Ворон кивал седой головой, будто соглашался с доводами воеводы. Осматривал кладку, проверял верви на камнеметах, поторапливал работных.
– Успеют еще отдохнуть, – отвечал он добродушно, но твердо, – и с тобой, Овилушка, ничего не сделается. Зато встретим теперь ворога загодя. Только сунься к нам!
Овил стучал себя кулаком по лбу, кривился.
– Да они в другом месте пристанут, вот и всех дел! Не глупее нас Кроновы вой, неужто понять не можешь!
– Пристанут, – соглашался Ворон, – коли их известит кто. А ежели нет, так и не успеют пристать, тут и на дно пойдут, на корм гадам морским.
Ворон не договаривал, что и в прочих удобных бухточках по северному берегу Скрытня у него припасено кое-что для непрошеных гостей. Перуны громовые носили скрытно, в мешках да сундуках малых, прятали ладно – чужой не найдет, а свой достанет быстро.
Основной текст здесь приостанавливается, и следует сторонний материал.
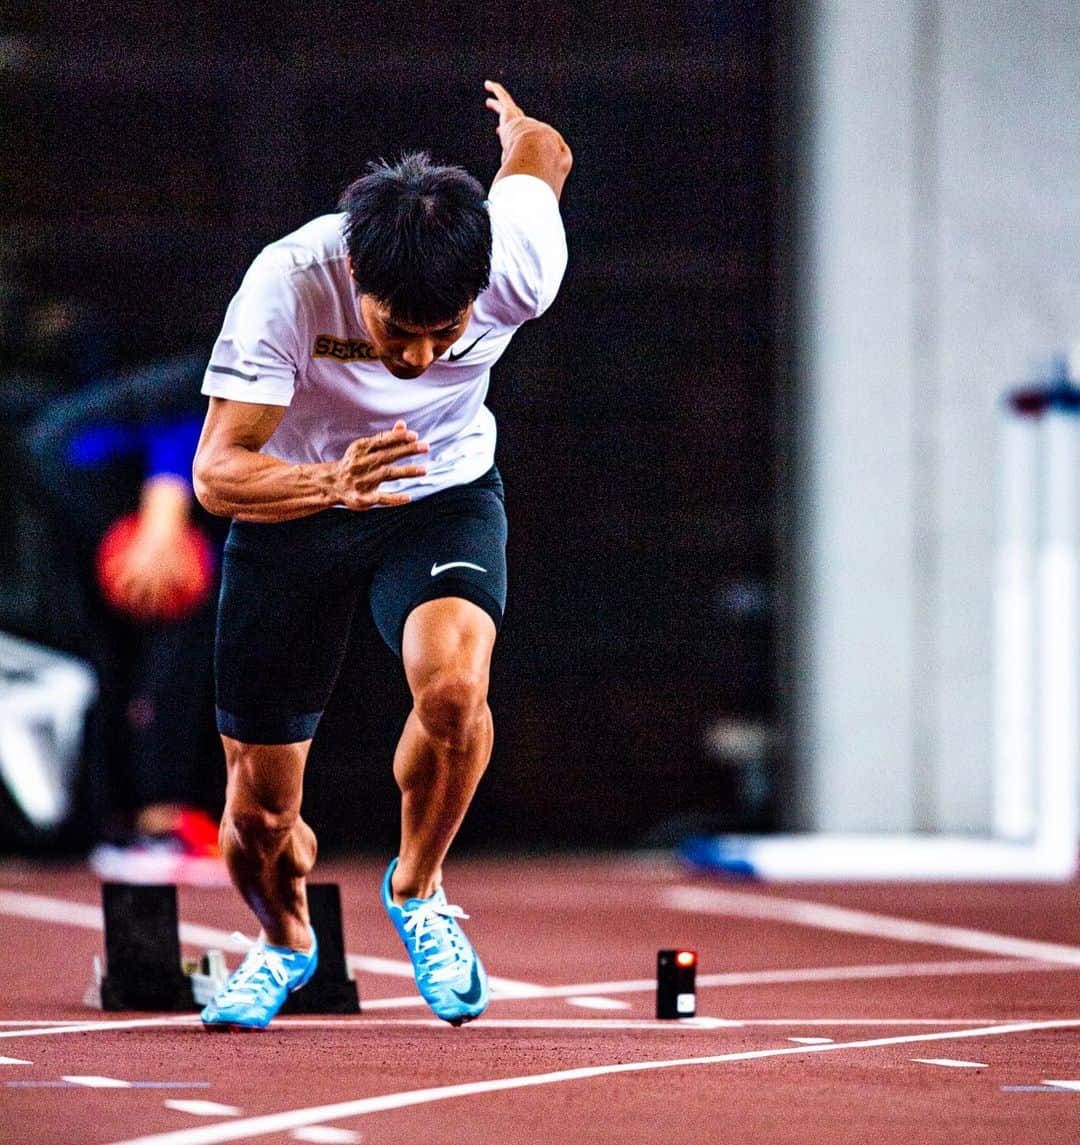 セイコースポーツのインスタグラム：「-Photo by Atsushi Kondo- #山縣亮太  #陸上  #セイコー #TIMEIT #seiko #time #teamseiko #Seiko #nike #陸上  #photooftheday #picoftheday #sports #athletic #run #running #100m #200m #dash #スポーツ #短距離 #training #トレーニング #アスリート #athlete #trackandfield #sprinter #sprinters #スプリンター #筋肉 #muscle」

Дозорные на вершинах – чуть где завиднеются кровавые паруса, ясно будет – куда идут, где пристанут. Вот там не плошай, времени не теряй. Что-то внутреннее, тяжкое, муторное, гнетущее, но не обманывающее подсказывало старому воеводе – будут дела ратные, да еще какие! в хороминах укрытных да пещерах не отсидишься! А еще сердце подсказывало, что не погиб княжич, жив. Далеко он где-то, но живой, невредимый, ждет от дядьки верного чего-то, помощи-подмоги какой-то, а какой – поди догадайся. Ворон делал, что мог, что умел, что ему опыт ратный да жизненный подсказывал.
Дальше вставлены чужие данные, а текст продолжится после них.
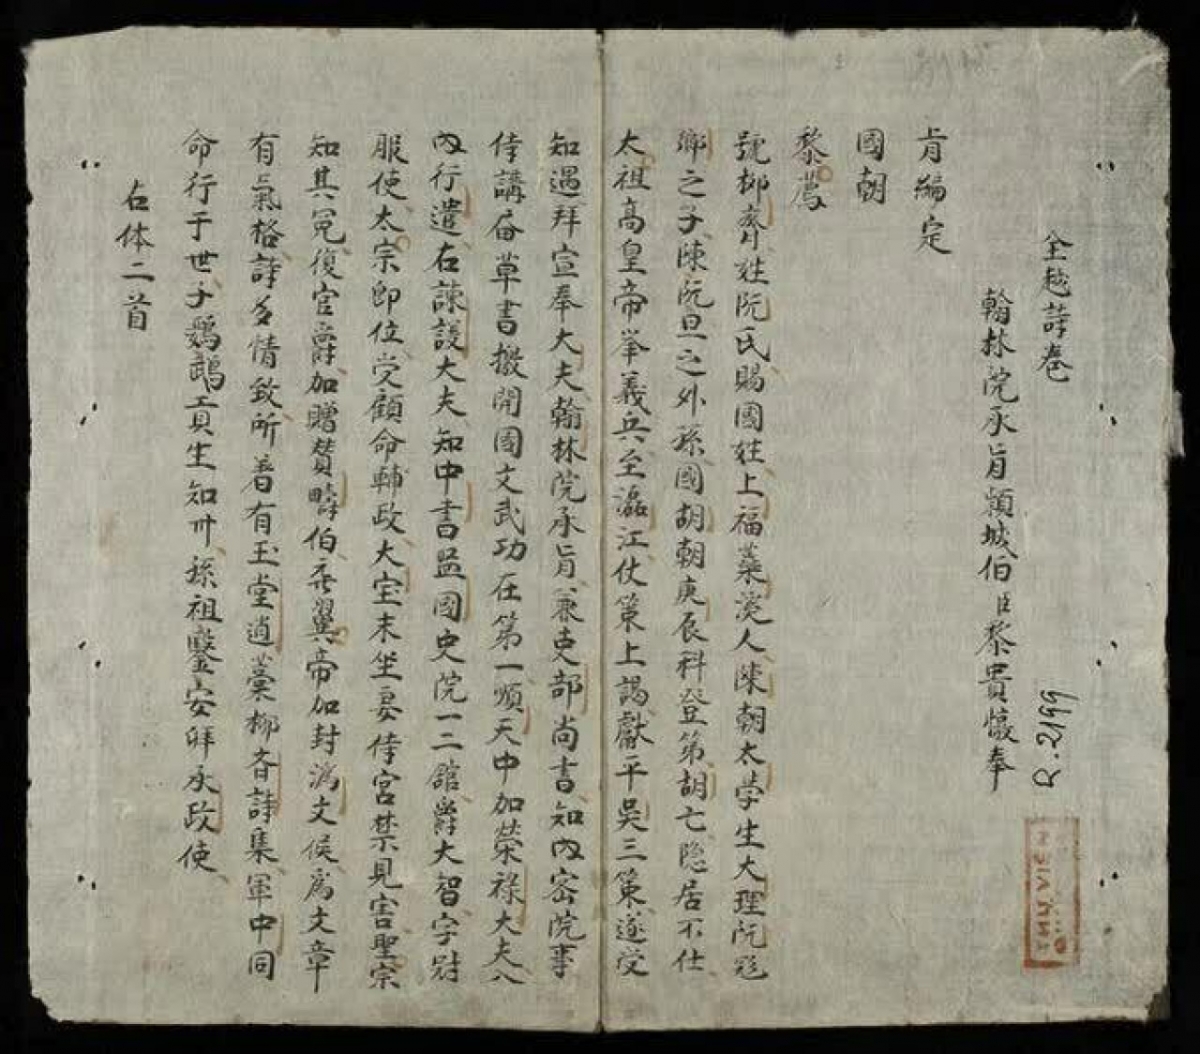 Nhiều cuốn sách quý ở Viện Nghiên cứu Hán Nôm hiện chưa được tìm thấy (Ảnh: Thư viện quốc gia).

Работали на крепях все. Но молодежь сильную да здоровую на шесть часов каждый божий день отвлекали – на учение. Сам Ворон с Овилом на смену учил парней рубиться в бою, стрелять из луков, метать перуны-дротики, ставить засады, идти по следу… и снова рубиться. Даже семерых горяков, крепких да отважных, вовлек в учение, доверил – пускай обвыкаются, пускай жизнью живут, как русы, хватит по горам да долам прятаться от нее. Пугливы были горяки и доверчивы. Коли опускал меч в поединке учебном супротивник их– и они опускали, улыбались… тут им и доставалось, тут им урок шел, чтоб не зевали, лихой бой раззяв не любит. Еще пятеро пробовали, да не выдержали, сбежали в горы. А эти пока не ноют, не просят отпустить. Своих набиралось под сотню – весь Скрытень облазили, всех русов переписали, заставили стряхнуть сонь и одурь мшелую. Да стариков еще с полсотни, да жен и девиц четыре десятка – тоже сгодятся: и припасы подносить, и побитых выносить, а будет совсем худо, рядом встанут. Хватит прятаться да таиться! Ну, если уж большая рать пристанет к острову, тогда малая горсть воев молодых прикроет отступление, тогда женам да старцам, детям да увечным время будет уйти. Ворон кивал патлатой седой головой. А сам-то знал – все так, все верно, но не в одном этом дело! еще кое-что будет! вот Жив придет, все и прояснится! Непременно придет! А Овил ворчал:
– Загнемся мы прежде, чем сюда сунутся враги наши. Сами себя погубим, изведем вконец!
Ворчал, но работы тяжкой не бросал. Хотя и ждала стареющего воеводу в зеленых долах Скрытня, в теремке рубленном, уютном молодая женушка, Мила любимая и ненаглядная. Все теперь у Овила было только здесь, на скрытном острове. Прочий мир для него стал чужим и ненужным.
Яра топнула ногой на прислужницу-бабку, загнала ее в тесную каморку-спаленку, в ее обиталище убогое. А сама белкой перескочила широкую светлую горницу узилища своего, припала к окошечку решетчатому, узорному.
Охранника не пришлось ждать долго. Хотт нес службу справно, мерил ногами из конца в конец узкий ход нетемной темницы, думал о своем, повесив голову в плоской медной шапочке-пшеме. И грезились бывшему сторукому дети его, сироты при живом отце… время шло, а надежды на освобождение не прибывало. Увечная рука болела все сильнее. Только боль эта отдавала в сердце… может, эта, а может, и другая. Хотт гнал черные мысли прочь, его дело нести службу, какой бы она ни была, на то он и не пахарь, не волхв, не горшечник, на то он и служивый.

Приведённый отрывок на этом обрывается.